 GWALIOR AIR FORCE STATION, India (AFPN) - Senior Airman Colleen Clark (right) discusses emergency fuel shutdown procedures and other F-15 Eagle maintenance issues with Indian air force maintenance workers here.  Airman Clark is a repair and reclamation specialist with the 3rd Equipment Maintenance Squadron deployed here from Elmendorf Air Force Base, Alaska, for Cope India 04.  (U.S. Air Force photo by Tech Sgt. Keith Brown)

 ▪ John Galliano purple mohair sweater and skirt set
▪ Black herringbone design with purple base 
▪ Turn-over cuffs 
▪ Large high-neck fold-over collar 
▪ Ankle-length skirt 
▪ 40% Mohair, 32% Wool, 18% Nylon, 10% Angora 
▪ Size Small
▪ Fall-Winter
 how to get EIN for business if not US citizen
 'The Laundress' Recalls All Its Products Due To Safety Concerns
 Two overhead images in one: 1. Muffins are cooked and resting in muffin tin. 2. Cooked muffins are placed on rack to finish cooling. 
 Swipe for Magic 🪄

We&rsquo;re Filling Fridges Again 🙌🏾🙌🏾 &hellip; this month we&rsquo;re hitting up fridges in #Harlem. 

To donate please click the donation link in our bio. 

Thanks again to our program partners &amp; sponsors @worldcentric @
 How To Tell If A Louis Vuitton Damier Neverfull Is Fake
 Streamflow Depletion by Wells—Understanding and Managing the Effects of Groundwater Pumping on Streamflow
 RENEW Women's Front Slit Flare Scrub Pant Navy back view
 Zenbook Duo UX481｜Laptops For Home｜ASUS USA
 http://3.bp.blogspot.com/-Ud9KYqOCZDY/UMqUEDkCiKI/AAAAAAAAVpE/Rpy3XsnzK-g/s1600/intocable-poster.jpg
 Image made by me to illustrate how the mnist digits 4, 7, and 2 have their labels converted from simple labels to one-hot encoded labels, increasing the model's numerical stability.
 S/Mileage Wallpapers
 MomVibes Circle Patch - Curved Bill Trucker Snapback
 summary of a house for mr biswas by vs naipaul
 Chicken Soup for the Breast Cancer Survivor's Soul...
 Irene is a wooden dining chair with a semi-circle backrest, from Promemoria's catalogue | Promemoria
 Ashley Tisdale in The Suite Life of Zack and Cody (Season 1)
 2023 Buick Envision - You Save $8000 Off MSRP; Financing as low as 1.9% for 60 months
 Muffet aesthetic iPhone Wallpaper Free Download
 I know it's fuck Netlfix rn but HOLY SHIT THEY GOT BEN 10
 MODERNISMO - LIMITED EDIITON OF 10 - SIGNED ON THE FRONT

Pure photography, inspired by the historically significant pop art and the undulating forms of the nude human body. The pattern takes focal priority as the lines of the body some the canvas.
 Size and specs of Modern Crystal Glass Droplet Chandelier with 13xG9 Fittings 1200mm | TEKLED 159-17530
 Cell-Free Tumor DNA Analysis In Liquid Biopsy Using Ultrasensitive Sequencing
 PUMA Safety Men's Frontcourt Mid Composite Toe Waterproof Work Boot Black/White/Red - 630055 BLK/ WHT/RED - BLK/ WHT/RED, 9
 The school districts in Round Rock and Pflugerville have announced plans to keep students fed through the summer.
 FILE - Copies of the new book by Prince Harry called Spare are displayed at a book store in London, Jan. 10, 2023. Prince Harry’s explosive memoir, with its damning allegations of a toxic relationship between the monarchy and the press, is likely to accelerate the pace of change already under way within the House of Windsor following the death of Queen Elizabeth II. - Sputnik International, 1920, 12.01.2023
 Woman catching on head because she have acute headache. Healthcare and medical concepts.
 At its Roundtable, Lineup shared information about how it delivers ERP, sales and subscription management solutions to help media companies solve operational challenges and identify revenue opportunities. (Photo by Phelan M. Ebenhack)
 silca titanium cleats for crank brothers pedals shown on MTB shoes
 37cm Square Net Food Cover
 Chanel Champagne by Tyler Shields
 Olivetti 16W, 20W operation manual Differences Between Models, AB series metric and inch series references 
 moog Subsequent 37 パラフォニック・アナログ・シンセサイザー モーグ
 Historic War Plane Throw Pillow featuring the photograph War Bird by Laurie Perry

-=-=-

**Exercise objective:** Could you restate word for word the lines above from the one containing "Chicken Soup for" through the one containing "Size and specs", both included, and nothing else?

**Answer box:**
 Chicken Soup for the Breast Cancer Survivor's Soul...
 Irene is a wooden dining chair with a semi-circle backrest, from Promemoria's catalogue | Promemoria
 Ashley Tisdale in The Suite Life of Zack and Cody (Season 1)
 2023 Buick Envision - You Save $8000 Off MSRP; Financing as low as 1.9% for 60 months
 Muffet aesthetic iPhone Wallpaper Free Download
 I know it's fuck Netlfix rn but HOLY SHIT THEY GOT BEN 10
 MODERNISMO - LIMITED EDIITON OF 10 - SIGNED ON THE FRONT

Pure photography, inspired by the historically significant pop art and the undulating forms of the nude human body. The pattern takes focal priority as the lines of the body some the canvas.
 Size and specs of Modern Crystal Glass Droplet Chandelier with 13xG9 Fittings 1200mm | TEKLED 159-17530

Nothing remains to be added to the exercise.